Romney is likely to make Ohio the focus of his effort the next few days. If he can pull off a win in Ohio to add to victories in the other four states, he will have won the most competitive “headline” contest of the night, and added to his lead in primary victories and delegates won. He would also have beaten Santorum for a second time in a state where Santorum has argued he can attract Reagan Democrats and blue-collar voters in November against Obama.
If Santorum can hold on and win Ohio, he can lay claim to being the only real challenger to Romney and try to force Newt Gingrich from the race, thereby denying Romney the opportunity to win in some future contests because conservative voters were divided between Santorum and Gingrich. Gingrich appears likely to win in his home state of Georgia on Tuesday, but trails everywhere else. Santorum is way ahead in Tennessee and Oklahoma, and there are no polls in Alaska or North Dakota. Romney is making a campaign stop in North Dakota this weekend, suggesting he sees an opportunity to win one more state that is being ignored by his opponents.
There is no evidence that Santorum will give up on the race, even if he has a disappointing night on Tuesday. Once a candidate gets a taste of being a frontrunner, which Santorum had for a few weeks, the “I could be president bug” does not disappear very quickly. Newt Gingrich, who held the national lead on two occasions, appears particularly embittered at Mitt Romney for what he believes were misleading attacks on his record that knocked him from his perch at the front of the pack. Gingrich was speaking to reporters at the end of 2011 as if it were a virtual certainty that he would be the nominee before any votes had been cast. Ironically, if Gingrich sees Santorum stumble on Tuesday, winning only in Tennessee and Oklahoma, and maybe Alaska, he might believe that his candidacy could for the third time rise from the dead. By sticking around, both he and Santorum would be fighting for their share of the non-Romney vote, increasing Romney’s chances of winning more of the future contests.

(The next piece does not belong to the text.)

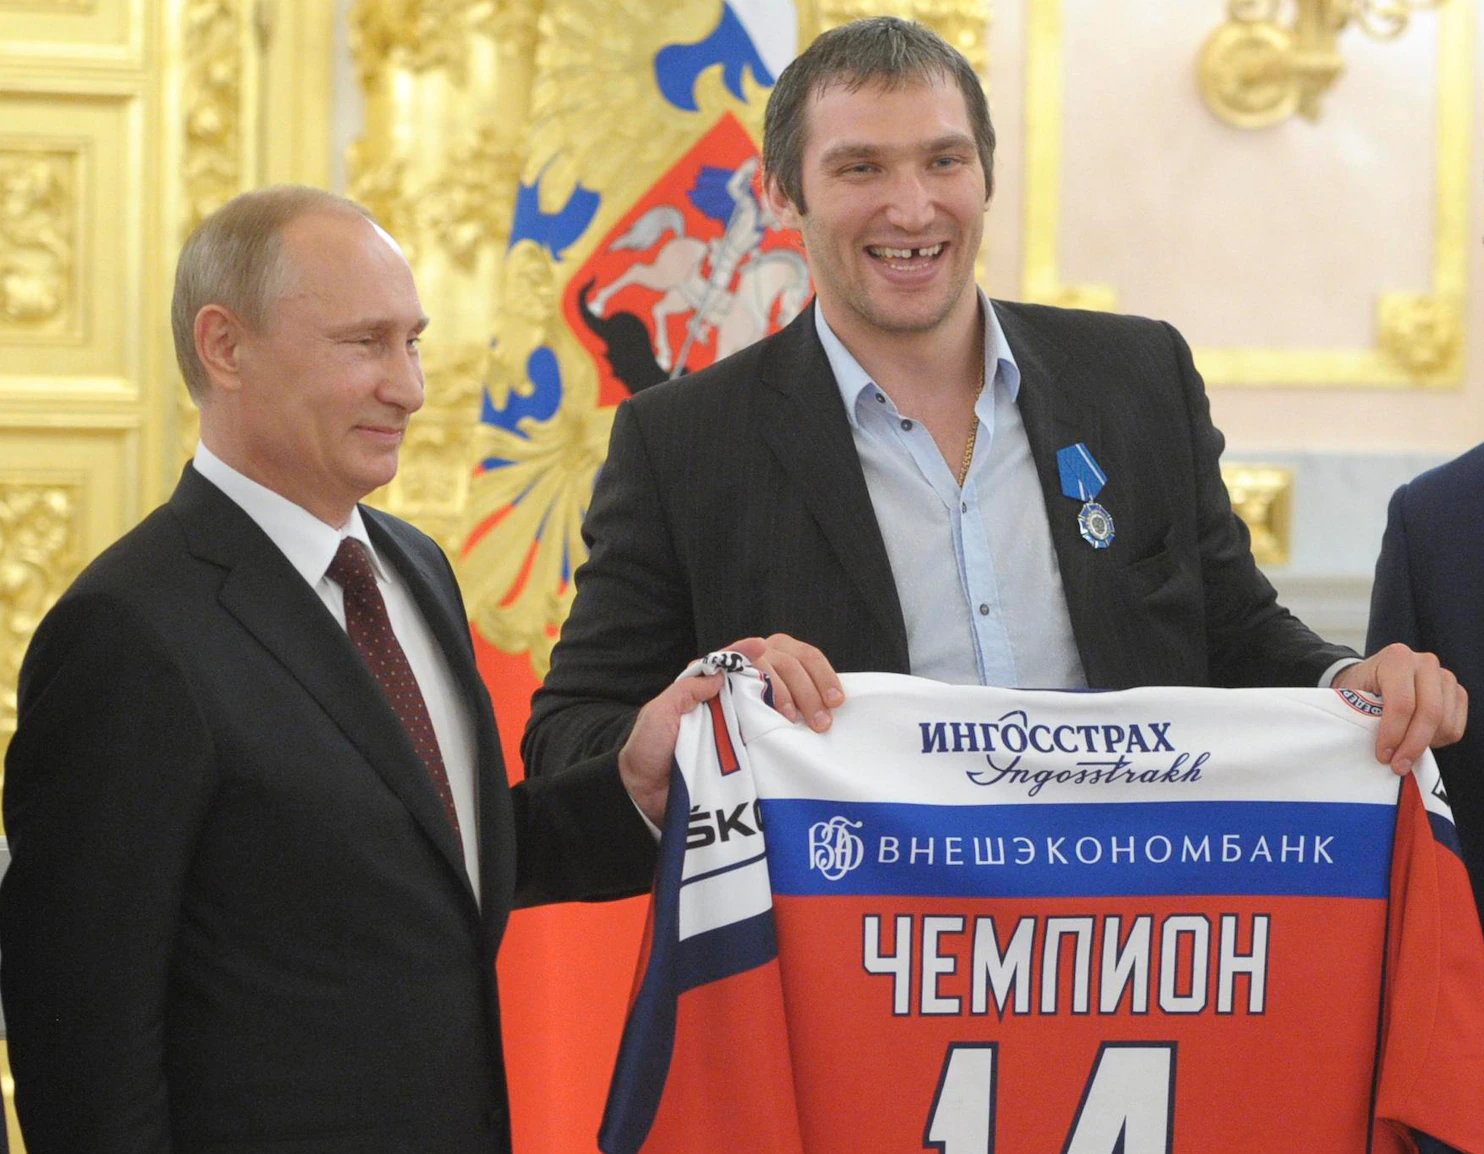 Alexander Ovechkin es quizá el deportista más famoso y querido de Rusia y siempre ha sido un gran fan del presidente Vladimir Putin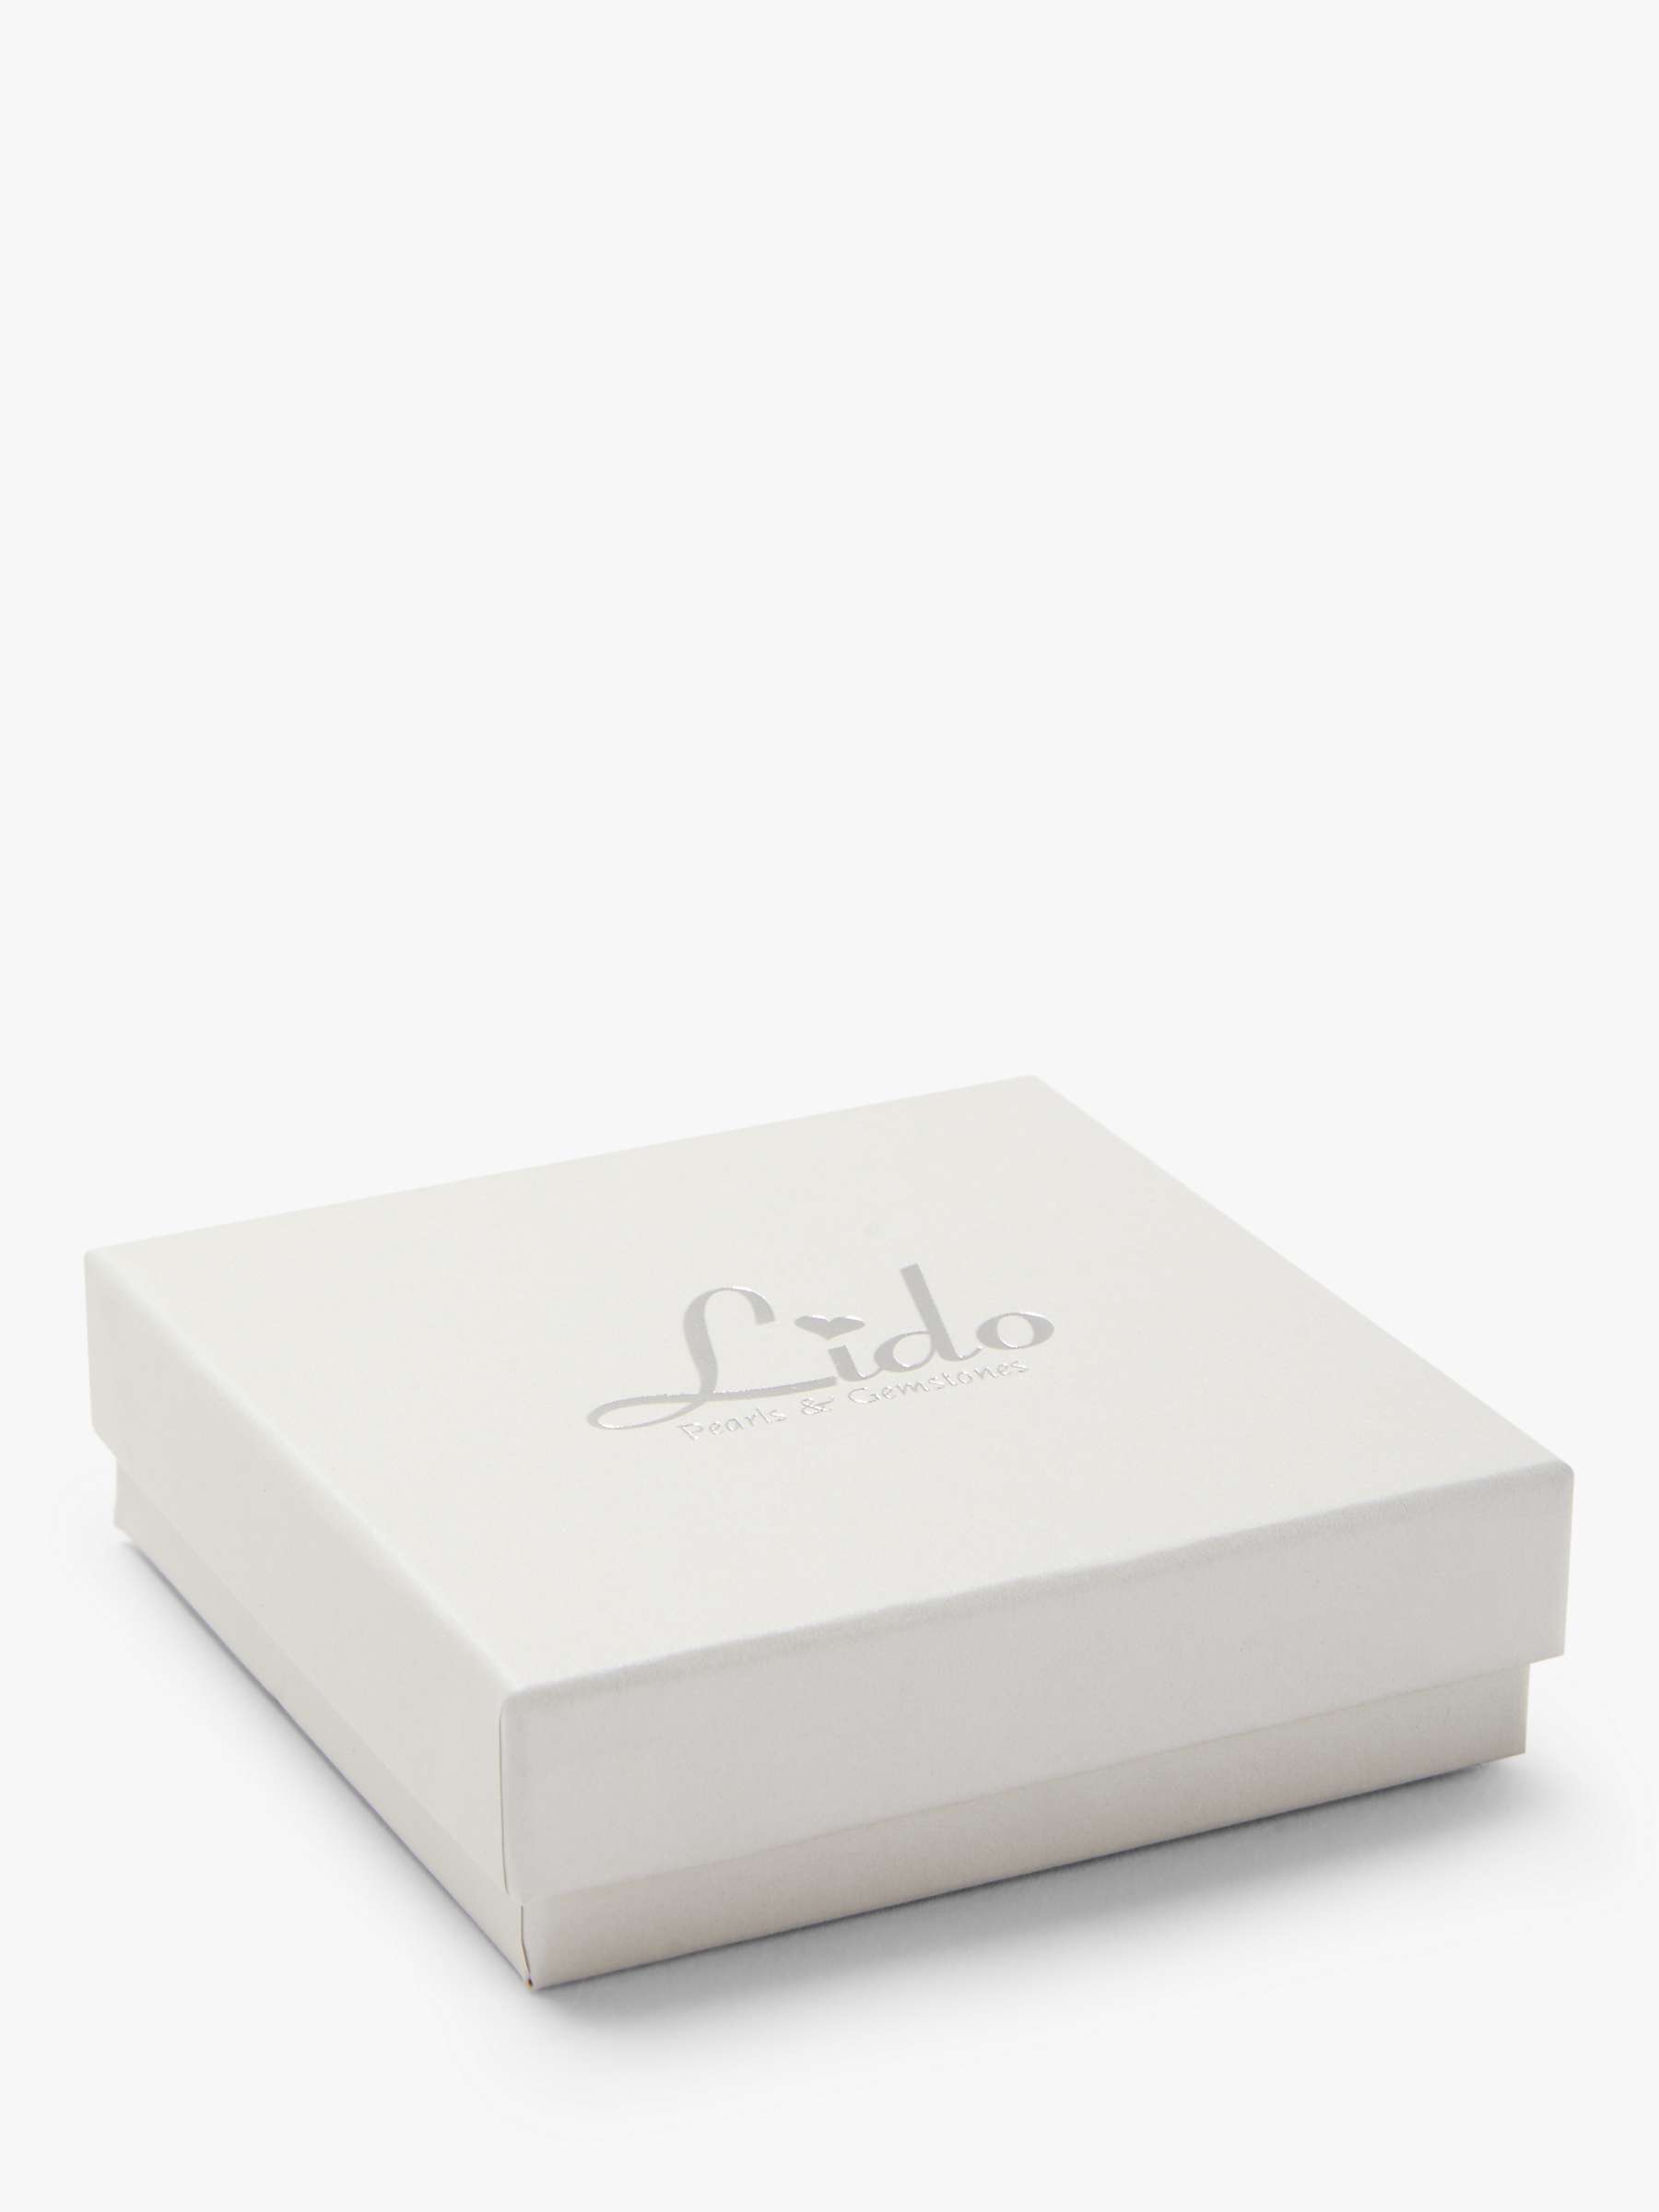 Buy Lido Leaf Pearl Bracelet, Silver/White Online at johnlewis.com

Due to the changes in GOP delegate selection rules (fewer winner-take-all states) and the delegate penalties assessed against some states which moved their primaries up, the GOP race will be a longer slog to the finish than it would have been in earlier cycles. If Romney wins Ohio on Tuesday, plus finishes first in four or five other states, it is hard to see him being denied the nomination. But that does not mean that any of his opponents will gracefully leave the race.